*Task details*
The material below has pictures in it. Set down only the lines from the line containing "Zdrowe i bezpieczne ferie zimowe 2023" through the line containing "広島市安芸区の白地図のサムネイル", word for word, and leave the pictures behind.

*Records provided*

++++++++++

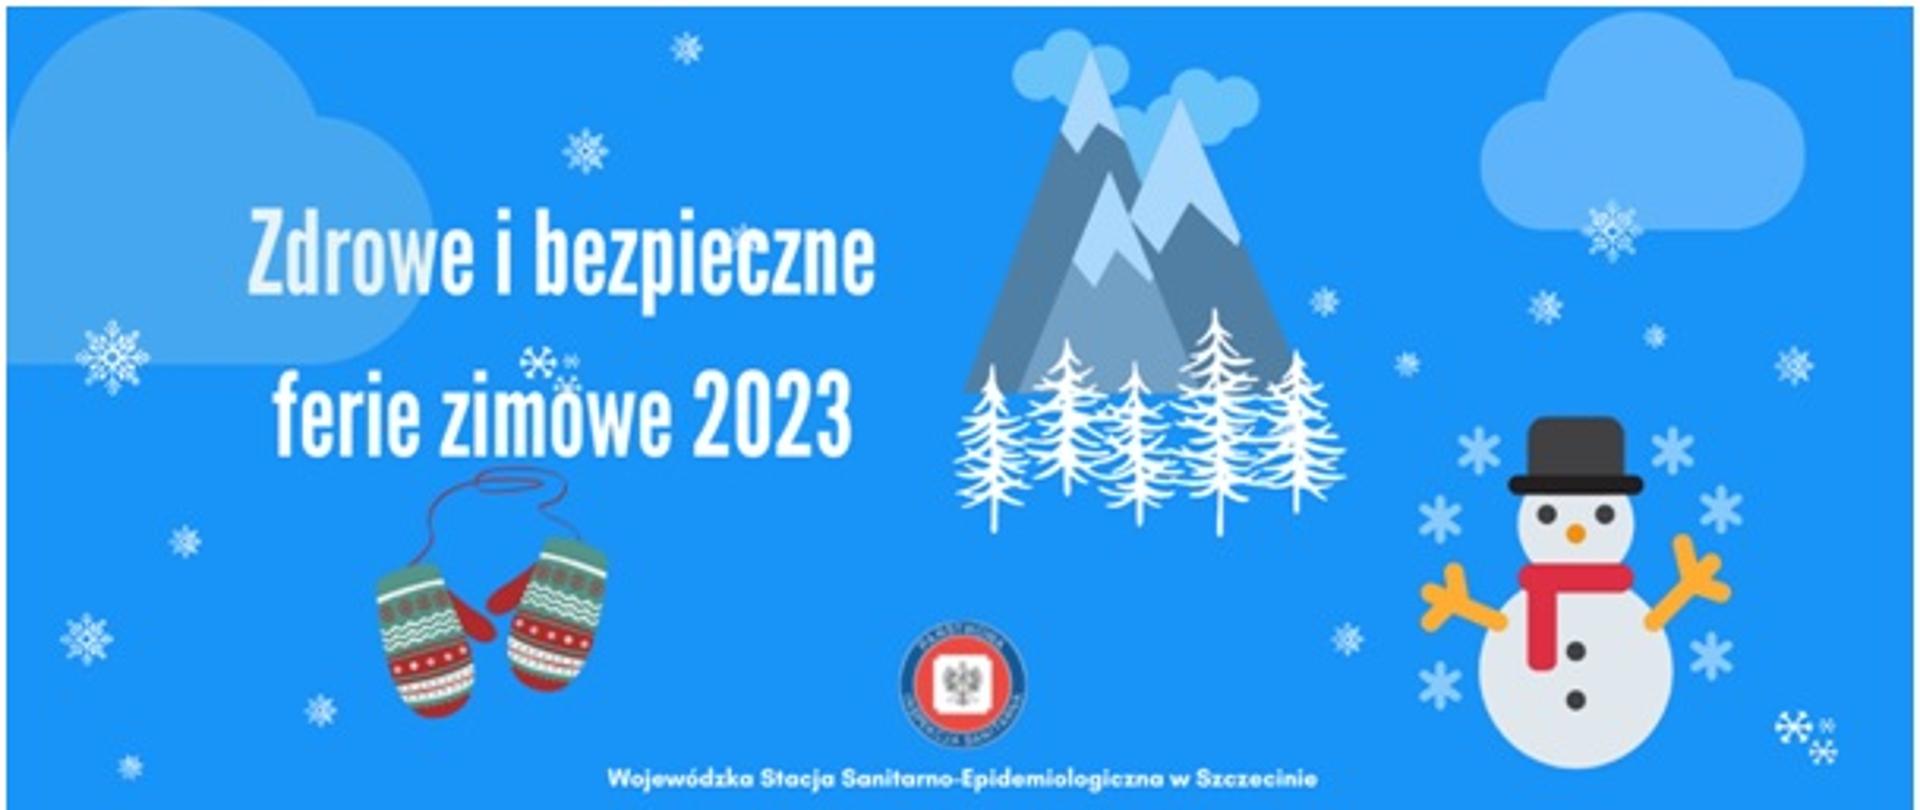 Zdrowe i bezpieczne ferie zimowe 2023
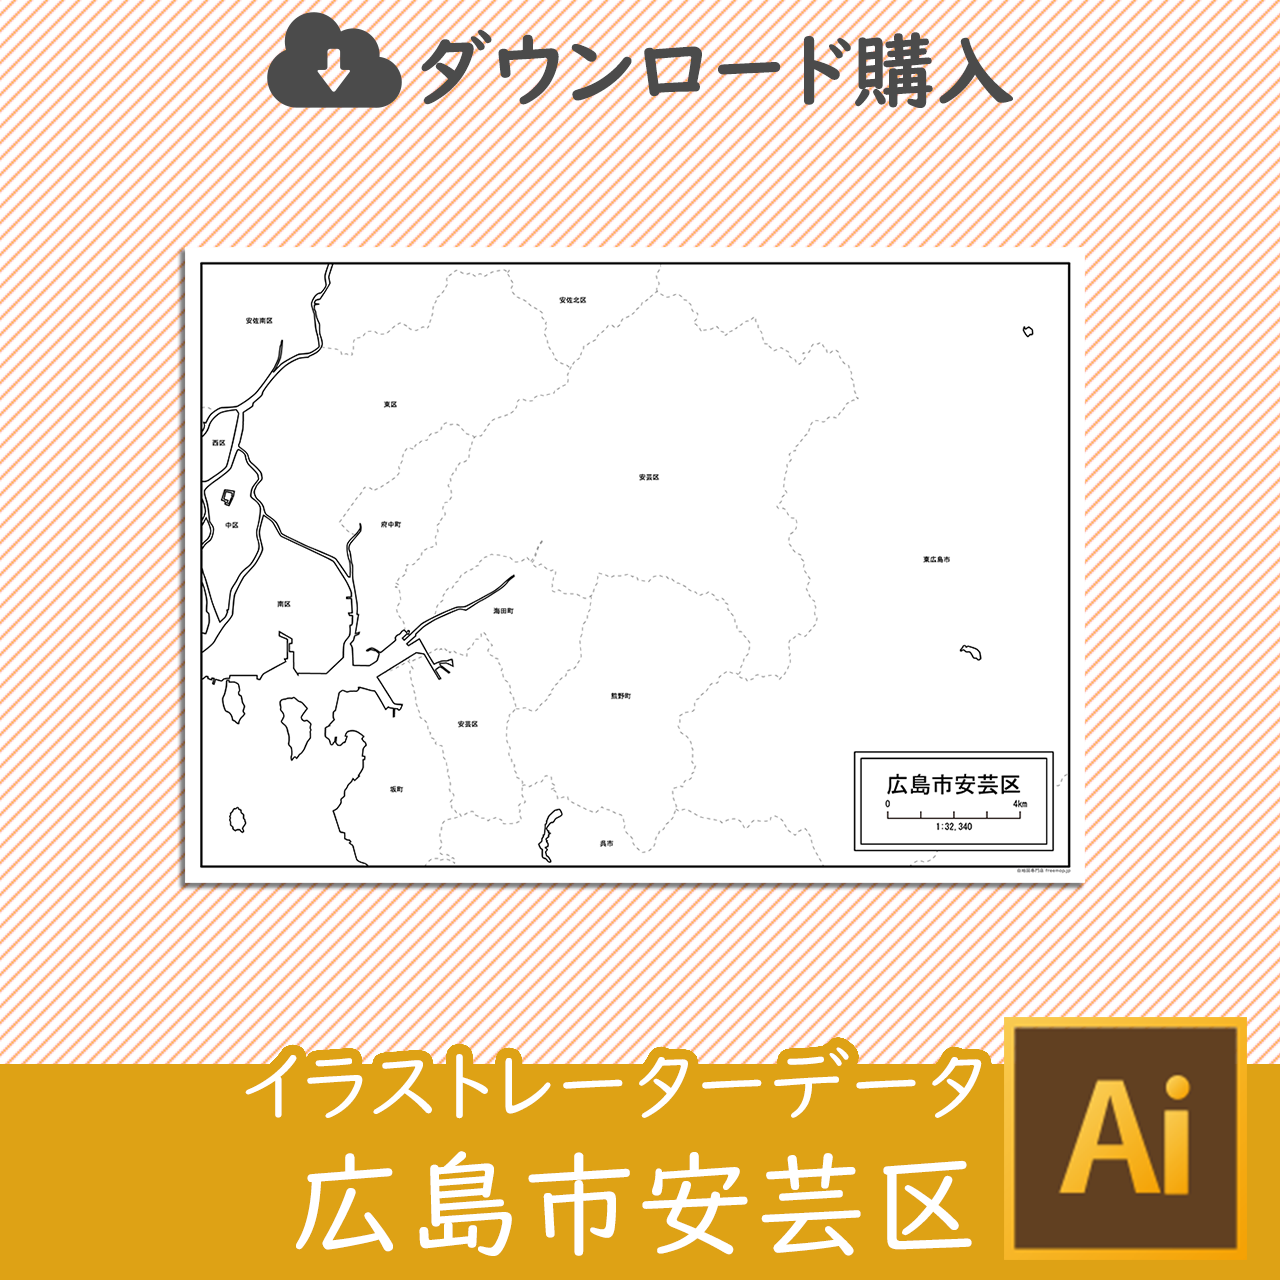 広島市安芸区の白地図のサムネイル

++++++++++

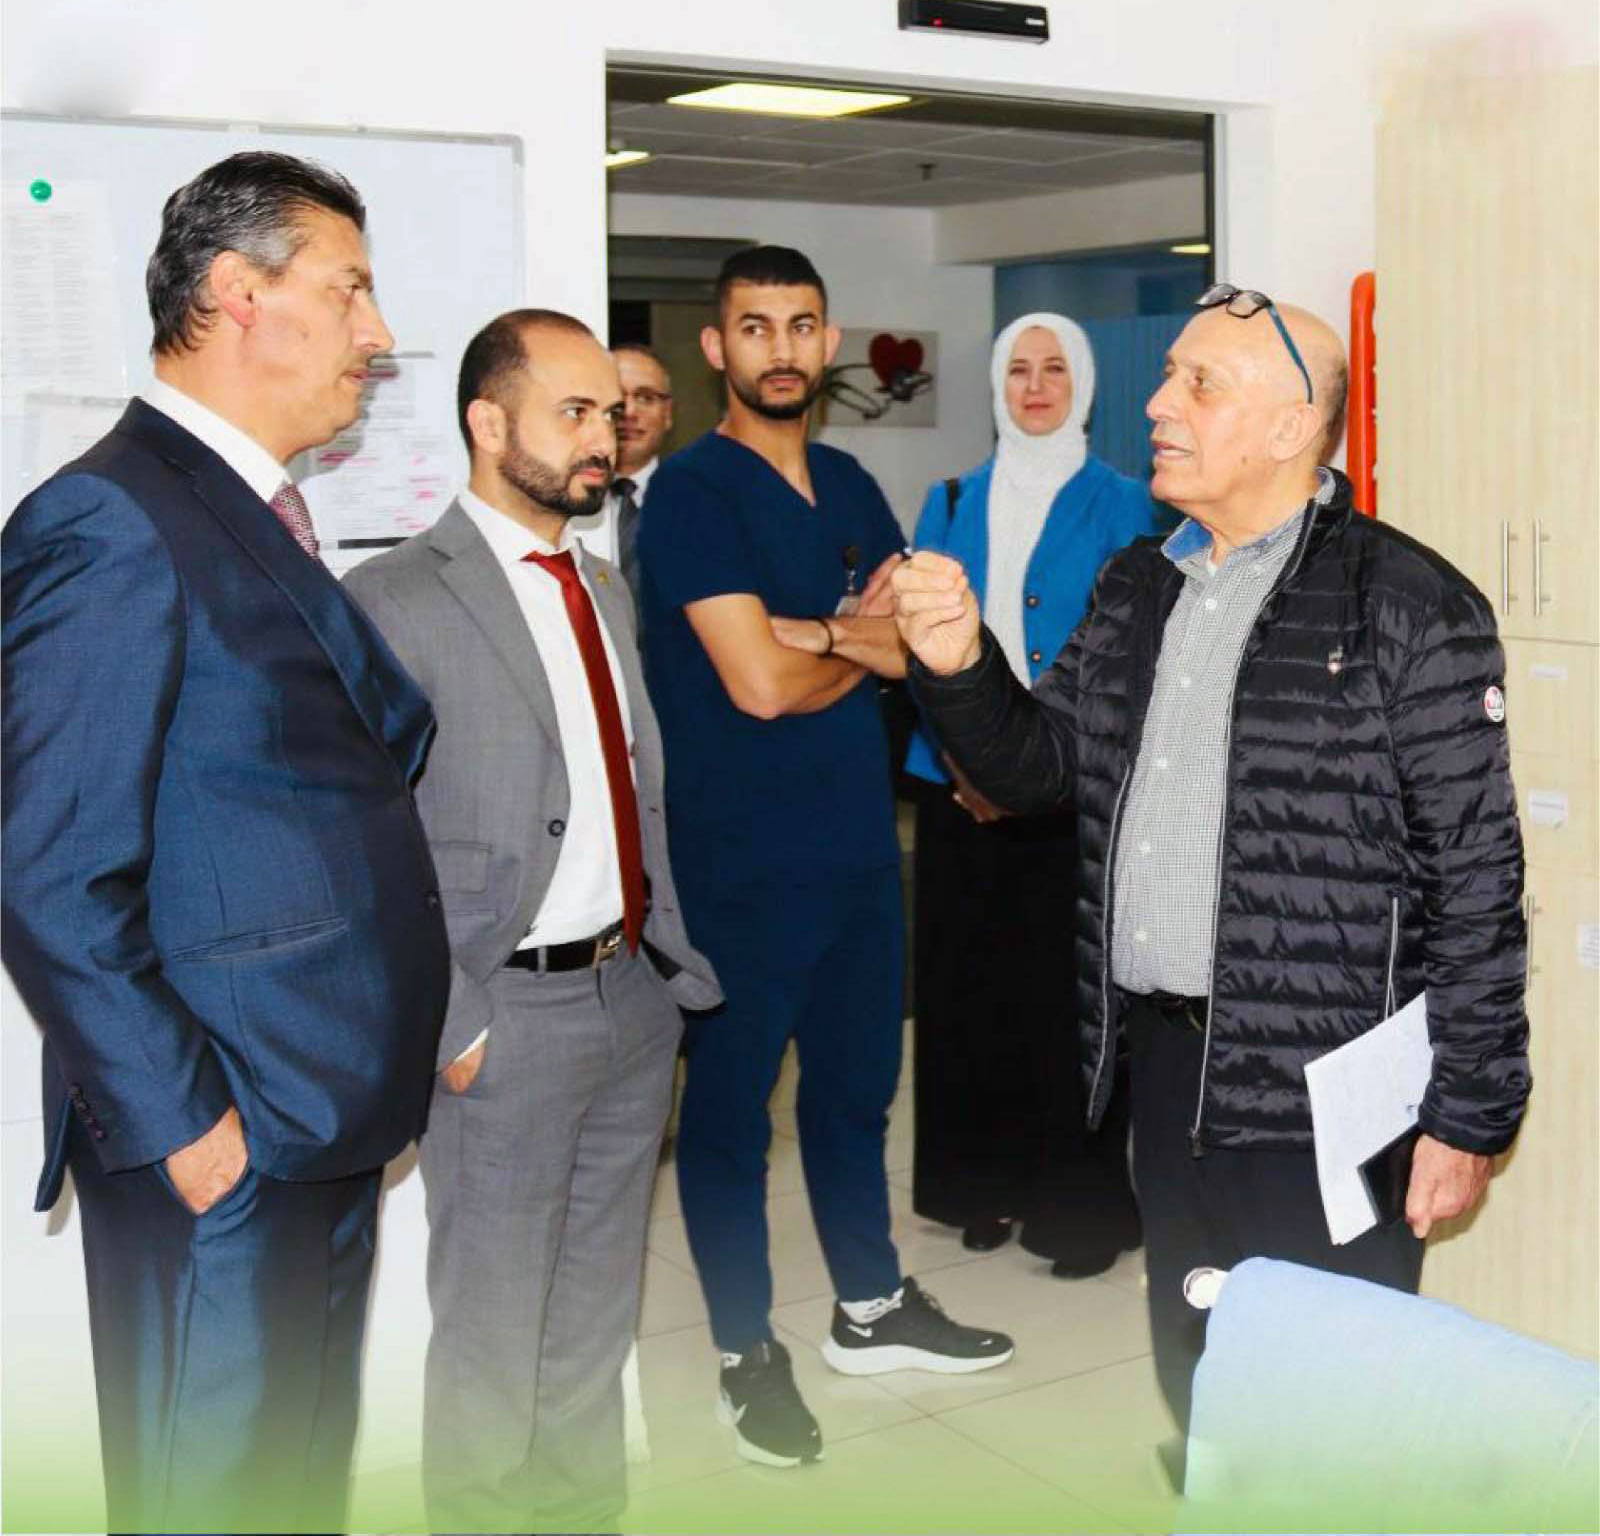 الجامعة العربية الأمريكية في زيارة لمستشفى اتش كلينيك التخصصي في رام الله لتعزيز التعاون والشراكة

++++++++++

*Exercise output*
 Zdrowe i bezpieczne ferie zimowe 2023
 広島市安芸区の白地図のサムネイル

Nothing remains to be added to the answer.